Aulnay-sous-Bois : « De l’amiante enfoui sous l’usine poison »

de | 2010-04-13

La démolition de l’ancienne usine d’amiante a été interrompue après la découverte du minerai toxique dans le sol. Une mauvaise surprise qui va entraîner un surcoût.
  
C’est une mauvaise nouvelle. Mardi dernier, sur le chantier de démolition de l’ancienne usine d’amiante du CMMP (Comptoir des minéraux et matières premières), les ouvriers ont découvert de l’amiante bleu à 90 cm de profondeur dans le sol. Le minerai, particulièrement toxique, gisait sous le bâtiment B, qui a servi durant des années à abriter les broyeurs d’amiante.
  
« On venait de finir de démolir le bâtiment.

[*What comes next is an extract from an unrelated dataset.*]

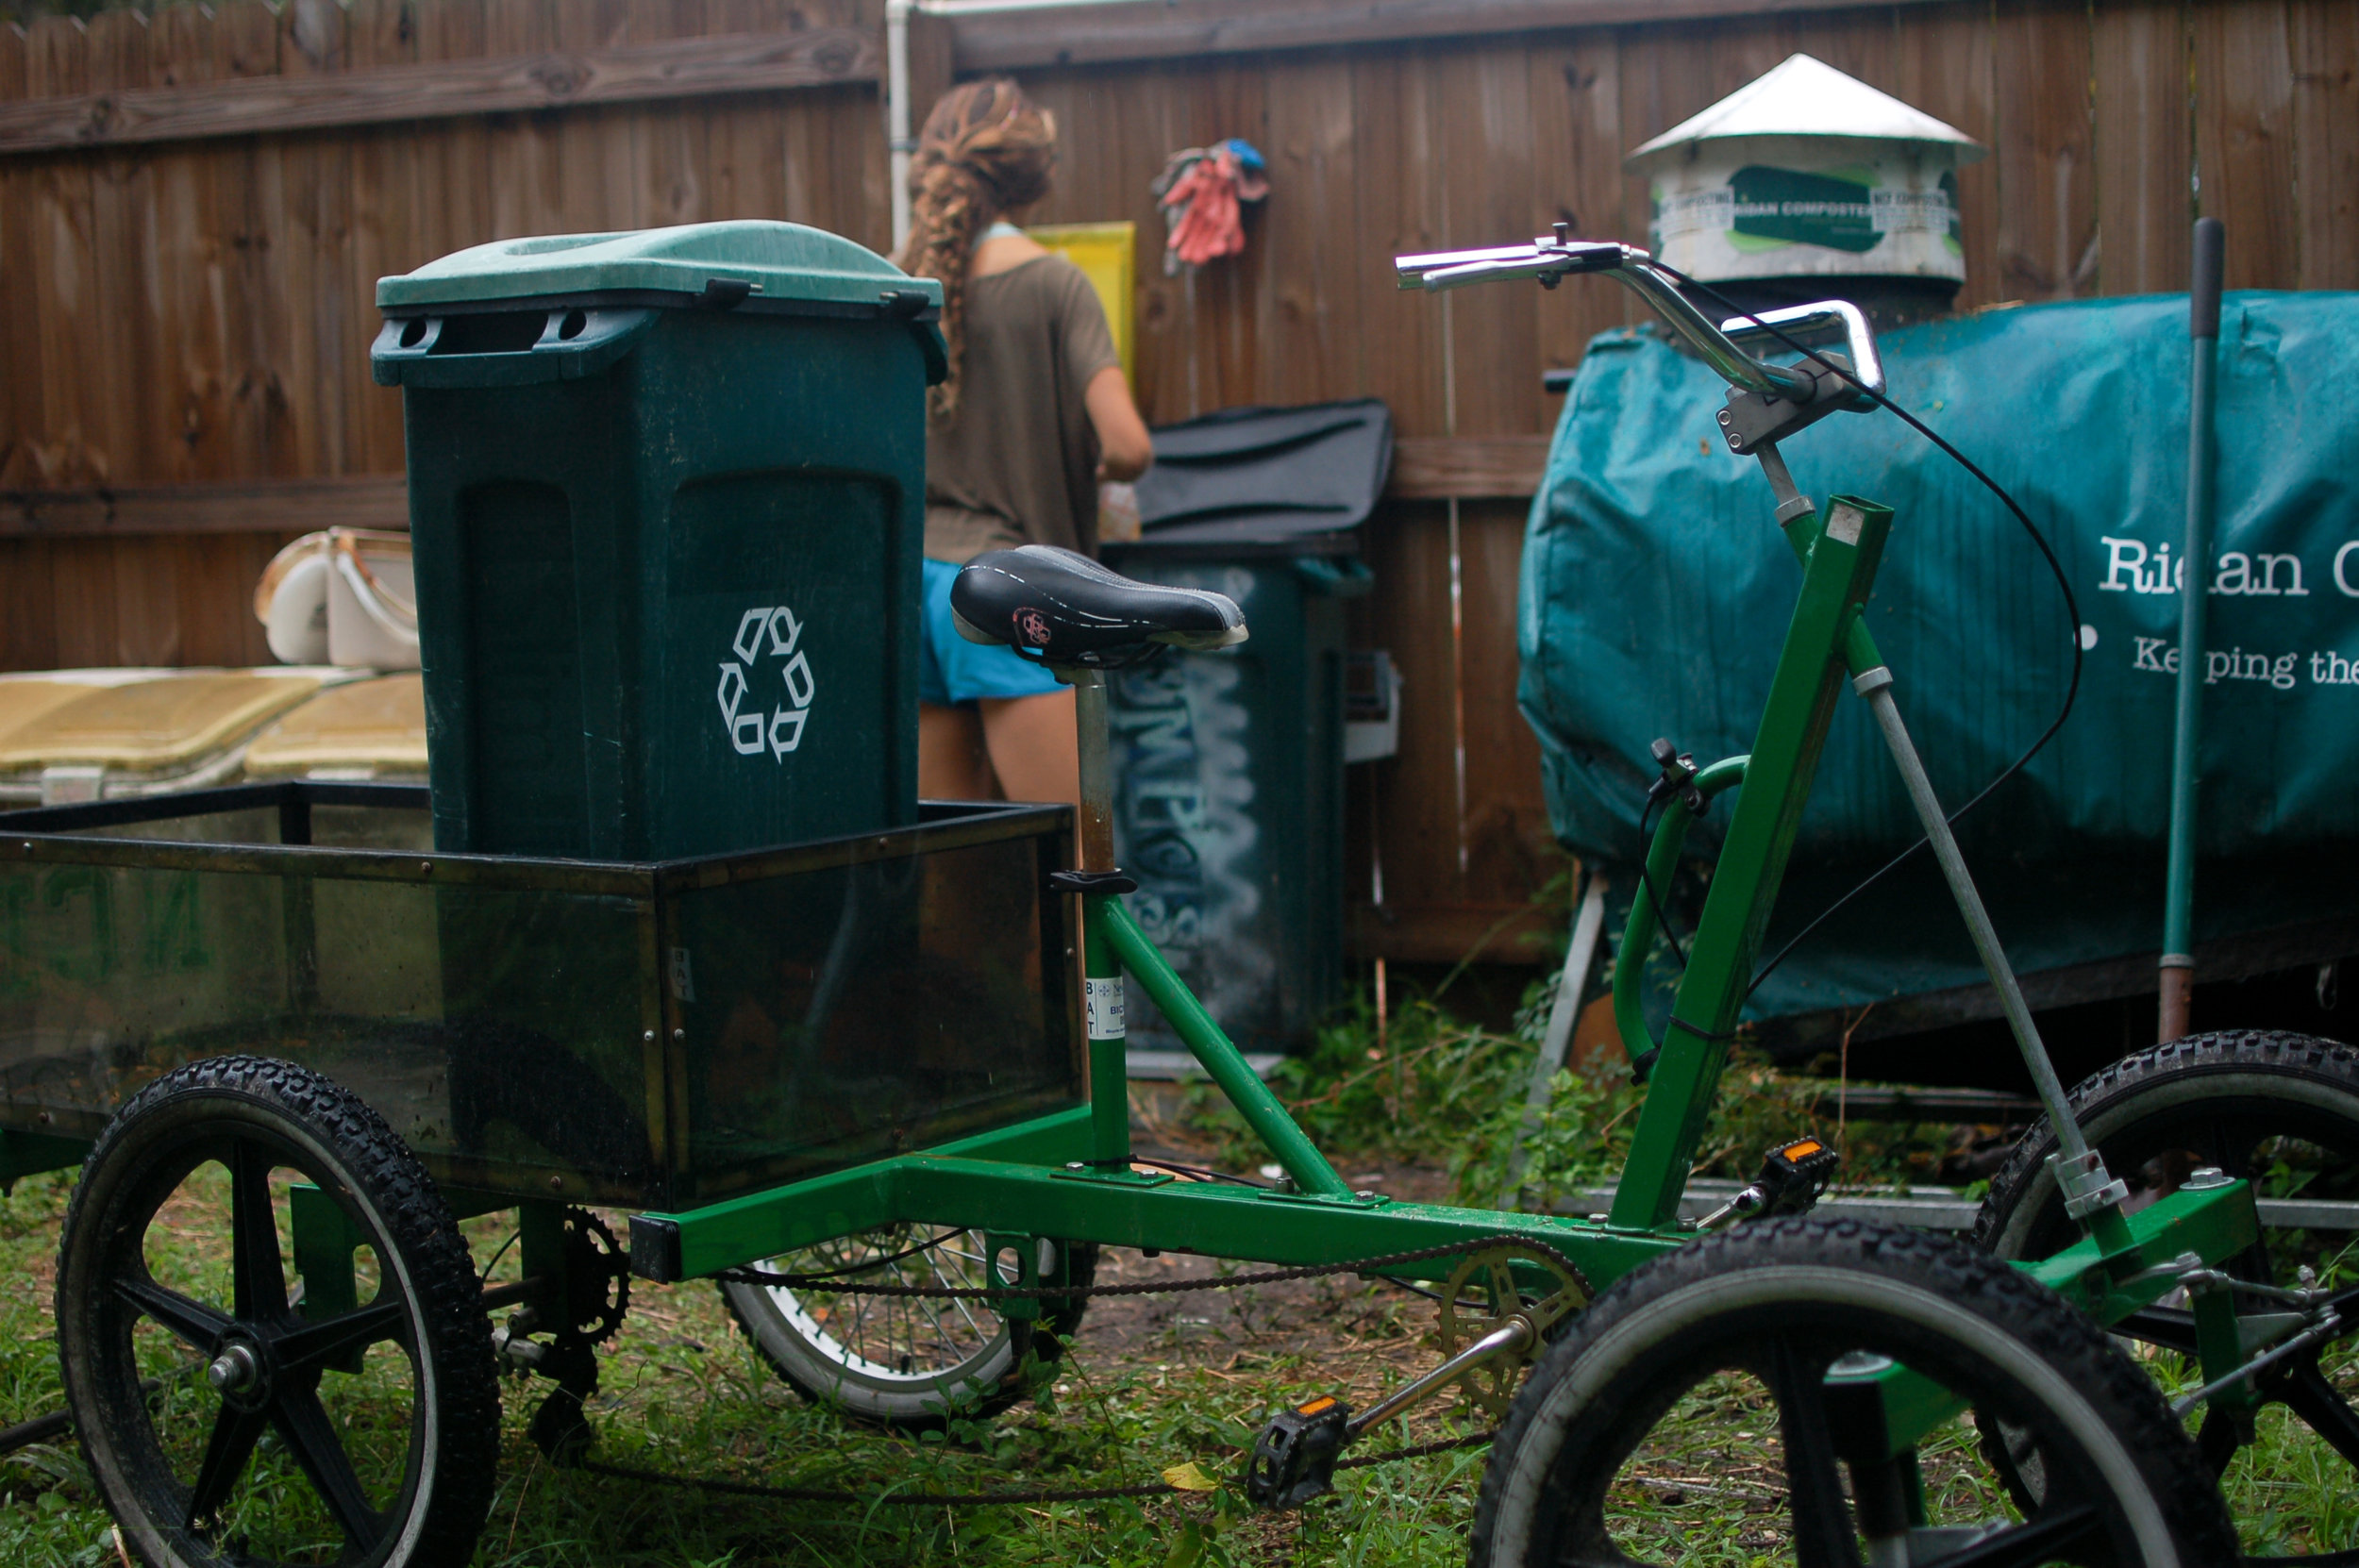 i 4 - compost - the compost bike - photos-5842.jpg

On avait déjà fait 44 sondages au sol, mais à 30 cm de profondeur seulement, explique Jean-Pierre Beckmann, maître d’œuvre du chantier. L’amiante bleu était plus bas. Il y a sans doute été entraîné par les fondations installées lorsque le CMMP a transformé le bâtiment en lieu de stockage en y ajoutant une mezzanine, dans les années 1970. »
  
Mardi après-midi, le chantier a été provisoirement interrompu. Les représentants de l’inspection du travail et de la Caisse régionale d’assurance maladie se sont déplacés. La déconstruction du site est en effet très surveillée, en raison des risques liés à l’amiante. Finalement, une décision a été prise : une nouvelle « bulle » étanche va être installée, pour permettre le traitement du sol. Il n’y a aucun risque pour le voisinage, affirme Jean-Pierre Beckmann, qui rappelle que des analyses de l’air sont pratiquées en permanence autour du site.
  
L’incident a en tout cas donné raison au collectif des associations de riverains et victimes. Dès 2001, il alertait la préfecture sur une probable pollution du sous-sol, se fondant sur le témoignage d’un ancien salarié. Gérard Voide, président du collectif, met en cause la bonne foi du CMMP : « C’est un vice caché. Le CMMP avait quitté le site en affirmant l’avoir dépoussiéré, en y laissant l’équivalent d’à peine un seau d’amiante. En fait, ils ont caché la poussière sous le tapis! »
  
Mais Joëlle Briot, PDG du CMMP, se défend : « Ce n’est une surprise pour personne. L’usine a été construite dans les années 1930, tous les sols étaient en terre battue. Quand on a coulé une dalle de béton, un peu d’amiante a été piégé en dessous. La mauvaise nouvelle, c’est qu’on en a trouvé sous une bonne partie du bâtiment. » Cet épisode va en tout cas alourdir la facture, aujourd’hui essentiellement supportée par les contribuables aulnaysiens : « C’est inévitable, puisqu’il y aura plus de déchets à traiter », indique Jean-Pierre Beckmann, qui espère ne pas prendre de retard. Le chantier doit en principe s’achever fin mai.